• **MATERIAL PROVIDED**:
———
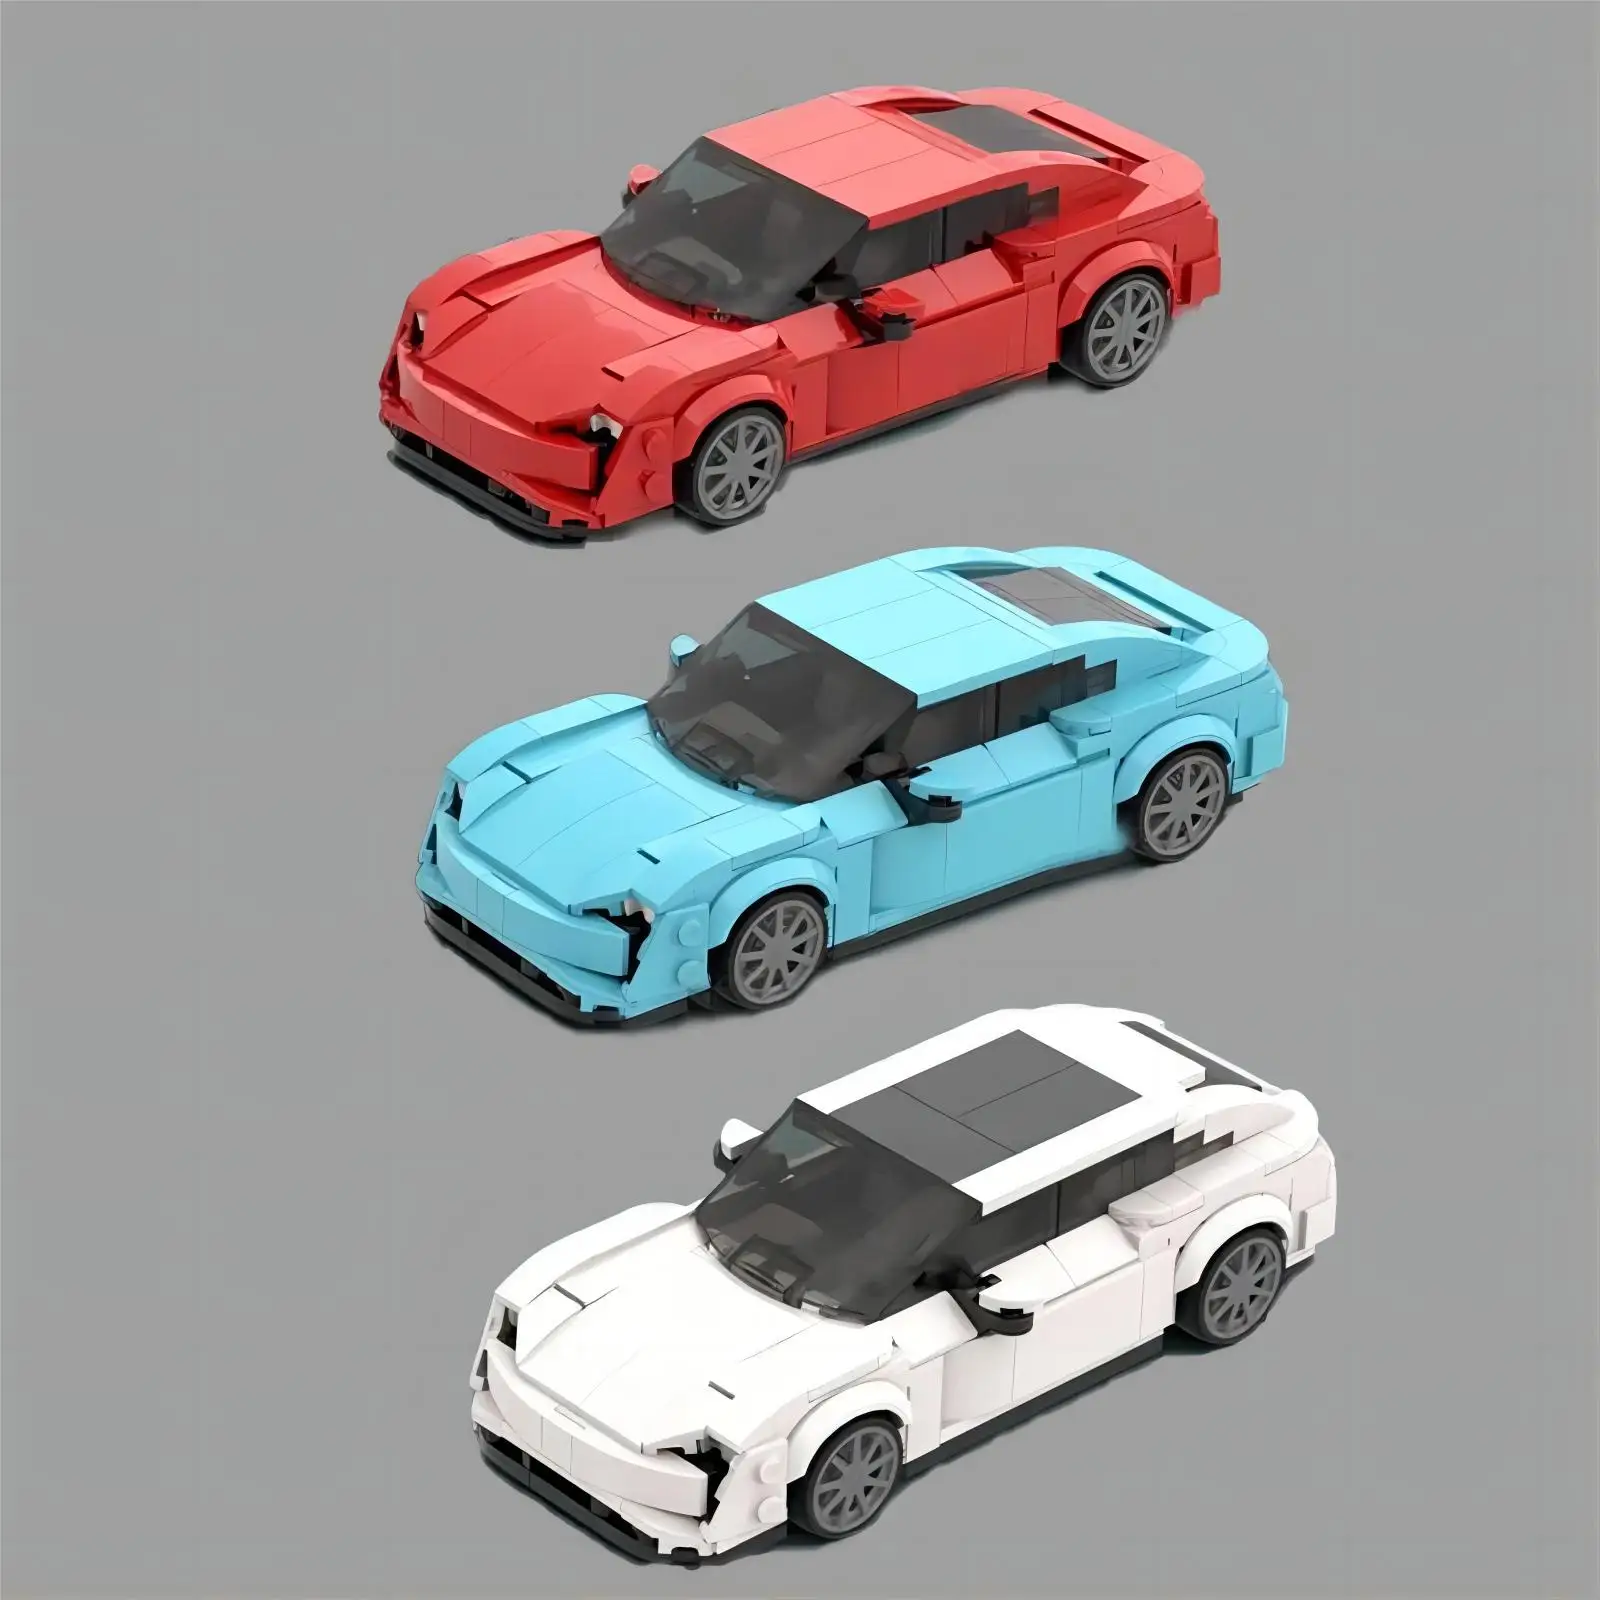 

Champion Speed Cars Sets Moc Building Blocks Three Forms City Car Model Technology Bricks DIY Assembly Construction Toy Gifts
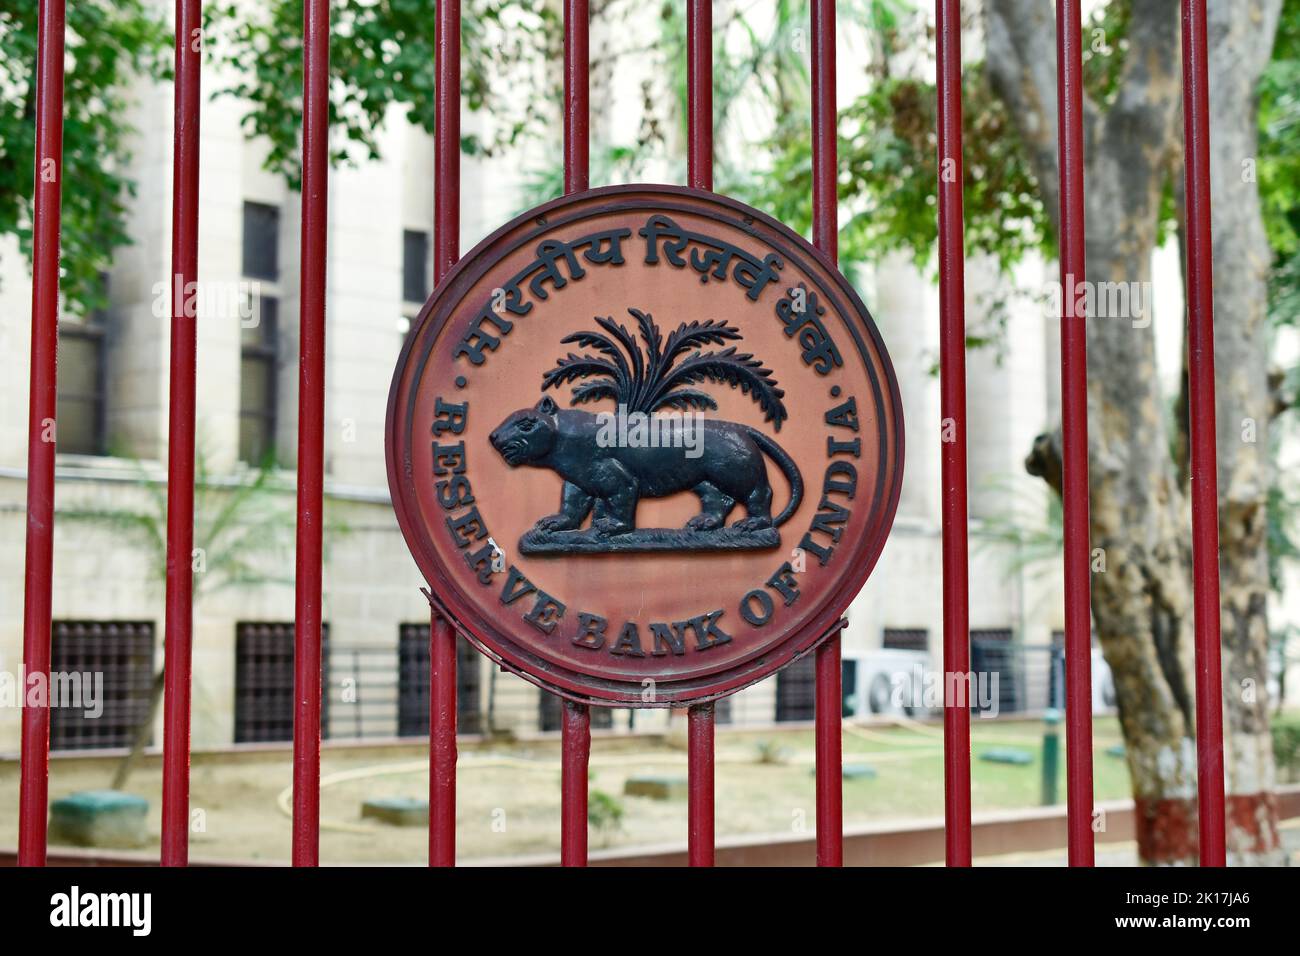 New Delhi, India - 14 September 2022 : RBI logo at the gate of reserve bank of india Stock Photo
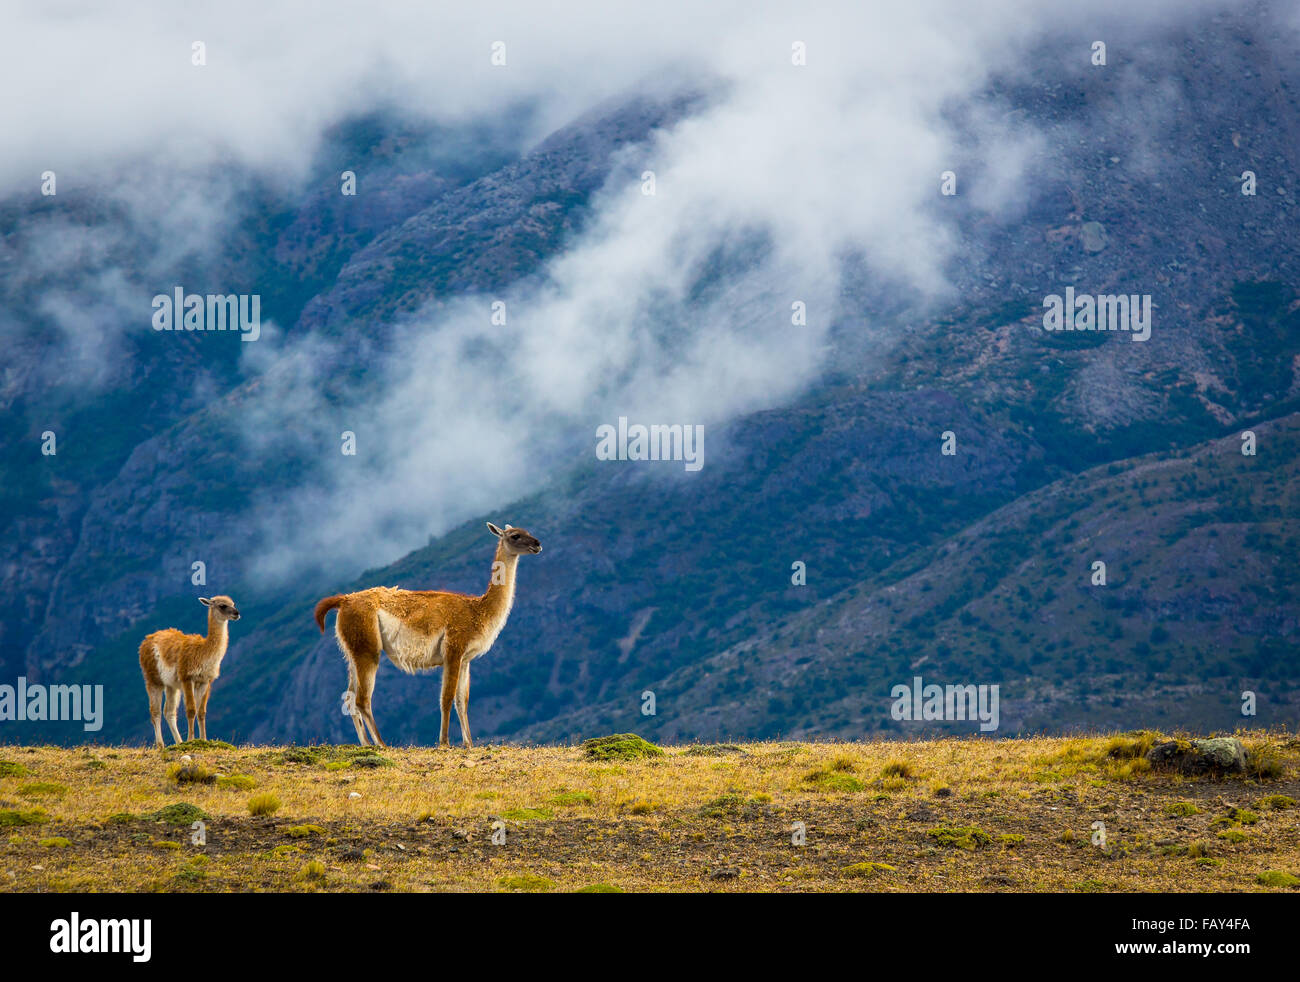 The guanaco (Lama guanicoe) is a camelid native to South America that stands between 1 and 1.2 metres (3 ft 3 in and 3 ft 11 in) Stock Photo
———
• **WHAT IS REQUIRED**: For each line above, output its wording exactly and leave out any picture.

• **EXPECTED ANSWER**:
Champion Speed Cars Sets Moc Building Blocks Three Forms City Car Model Technology Bricks DIY Assembly Construction Toy Gifts
 New Delhi, India - 14 September 2022 : RBI logo at the gate of reserve bank of india Stock Photo
 The guanaco (Lama guanicoe) is a camelid native to South America that stands between 1 and 1.2 metres (3 ft 3 in and 3 ft 11 in) Stock Photo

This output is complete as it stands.